Chacoalha a cabeça respirando fundo.
—Deve ser a pizza, eu vou atender o interfone... Você pega o carregador lá em cima? –
—Pego sim, onde está? – deixando um rápido beijo na bochecha do Cullen, ela afirma.
—Tem um no meu escritório, na mesa... – parecendo meio desorientado ele informa. —Terceira gaveta. –
—Ok. – retirando a franja dos olhos, o olha fixamente. —Você está bem amor? –
—Estou sim amor. – garante exibindo um sorriso torto a ela.
Trocando um rápido selinho, o casal se afasta.
Cantarolando uma música qualquer a jovem adentra no escritório, batendo as palmas para a luz iluminar o cômodo.
Sorrindo não deixa de relembrar a primeira vez que estivera ali.
Caminha até a mesa em L, lembrando com clareza dos versos de Shakespeare, ditos romanticamente por Edward.
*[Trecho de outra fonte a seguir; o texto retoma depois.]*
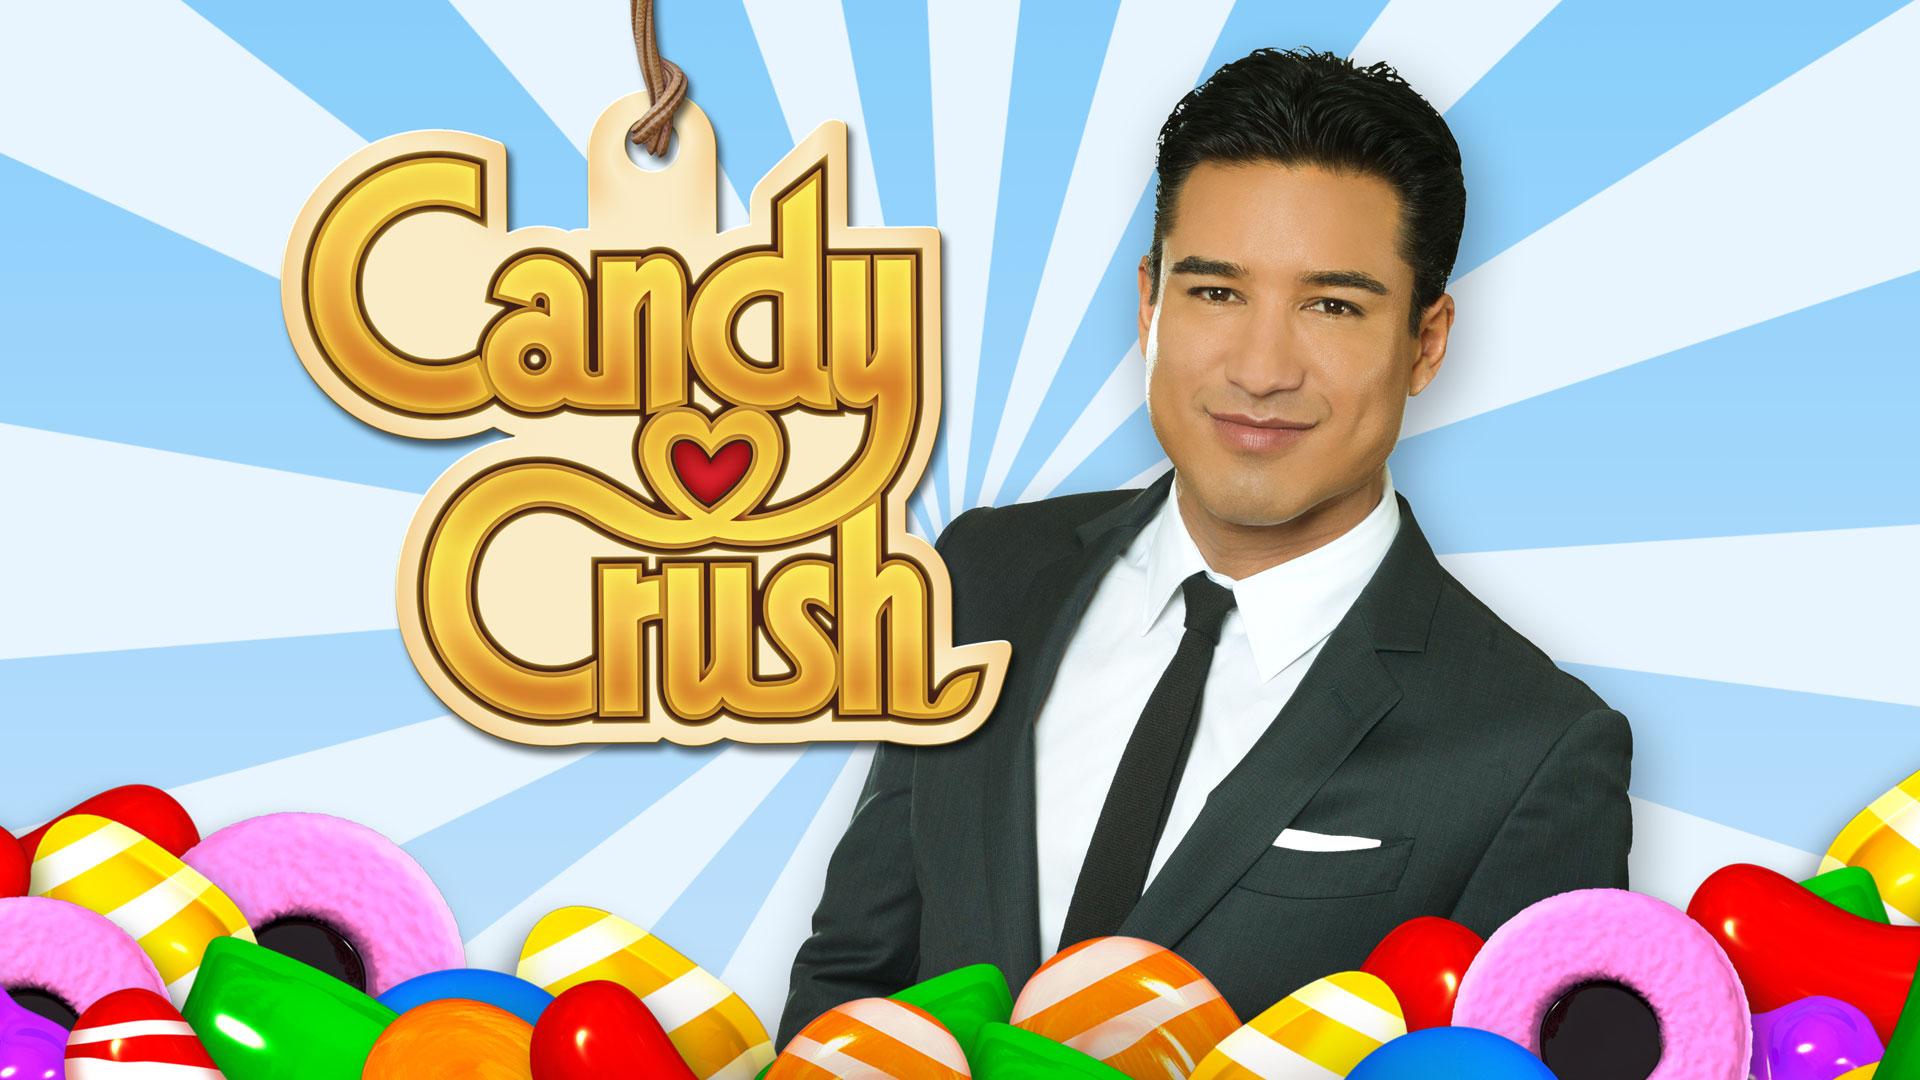 Candy Crush' Game Show Lands Series Order at CBS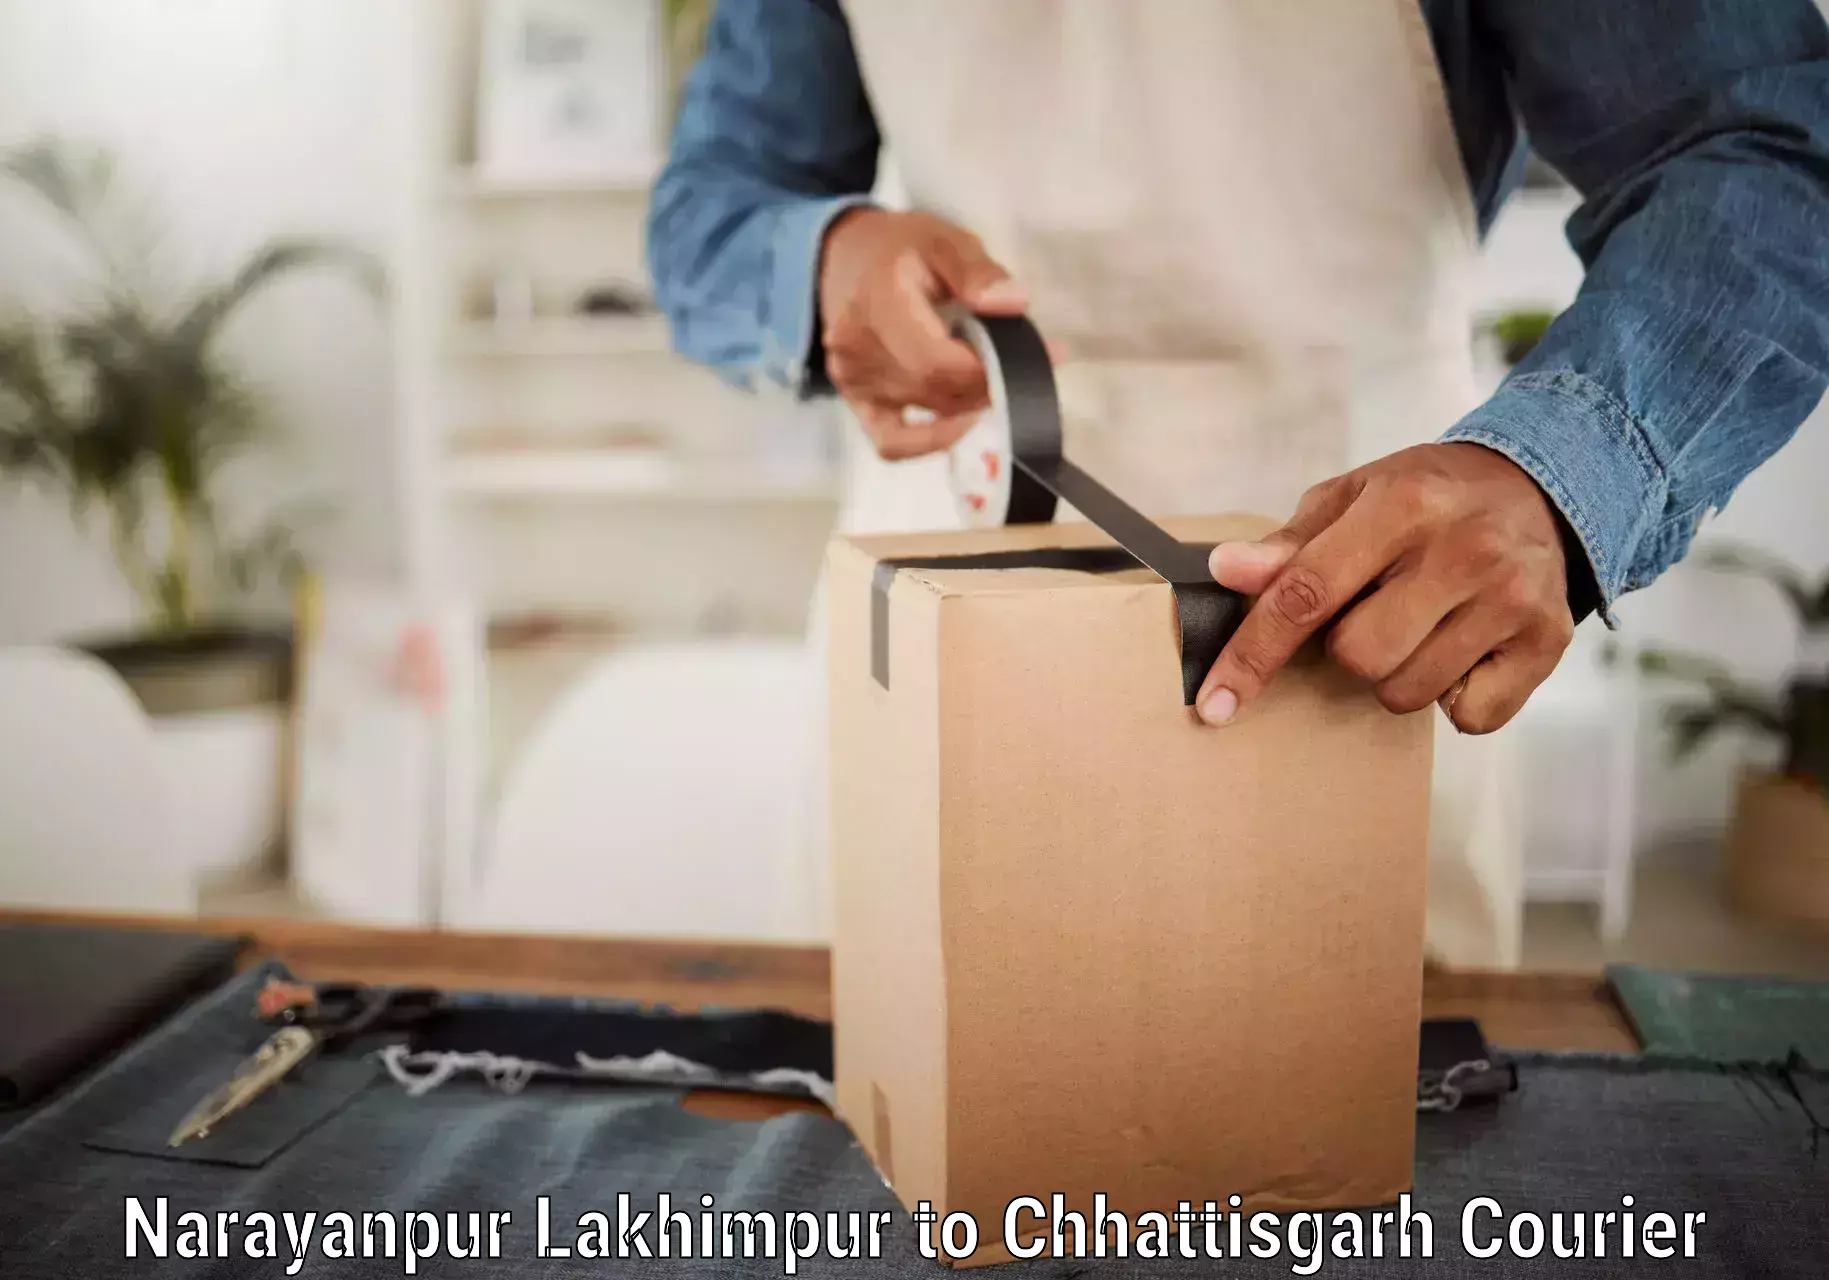 Round-the-clock parcel delivery Narayanpur Lakhimpur to Chhattisgarh

Ainda estavam apenas ficando sem compromisso, mas já sentia um forte sentimento pelo Cullen.
—Ai, ai! – solta apaixonada, esbarrado sem querer num dos cadernos sobre a mesa. Caindo no chão, ele se abre soltando algumas folhas no carpete. —Merda! – pragueja as recolhendo com cuidado.
Porém uma dela chama sua atenção. Observa atenta a caligrafia bela de Edward na folha.
—Desafios... – lê a palavra no alto, escrita em vermelho sentindo a curiosidade inflamar em seu interior.
Fechando o caderno, o devolve na mesa se concentrando na folha.
Como em uma lista enumerados de um a dez, os itens estavam devidamente escritos, alguns tendo um risco percorrendo as palavras.
Atenta lê um a um, até chegar ao fim da folha onde no rodapé, a frase a deixa congelada.
“Cumprir todos meus desafios. Antes de cumprir os planos de Deus.”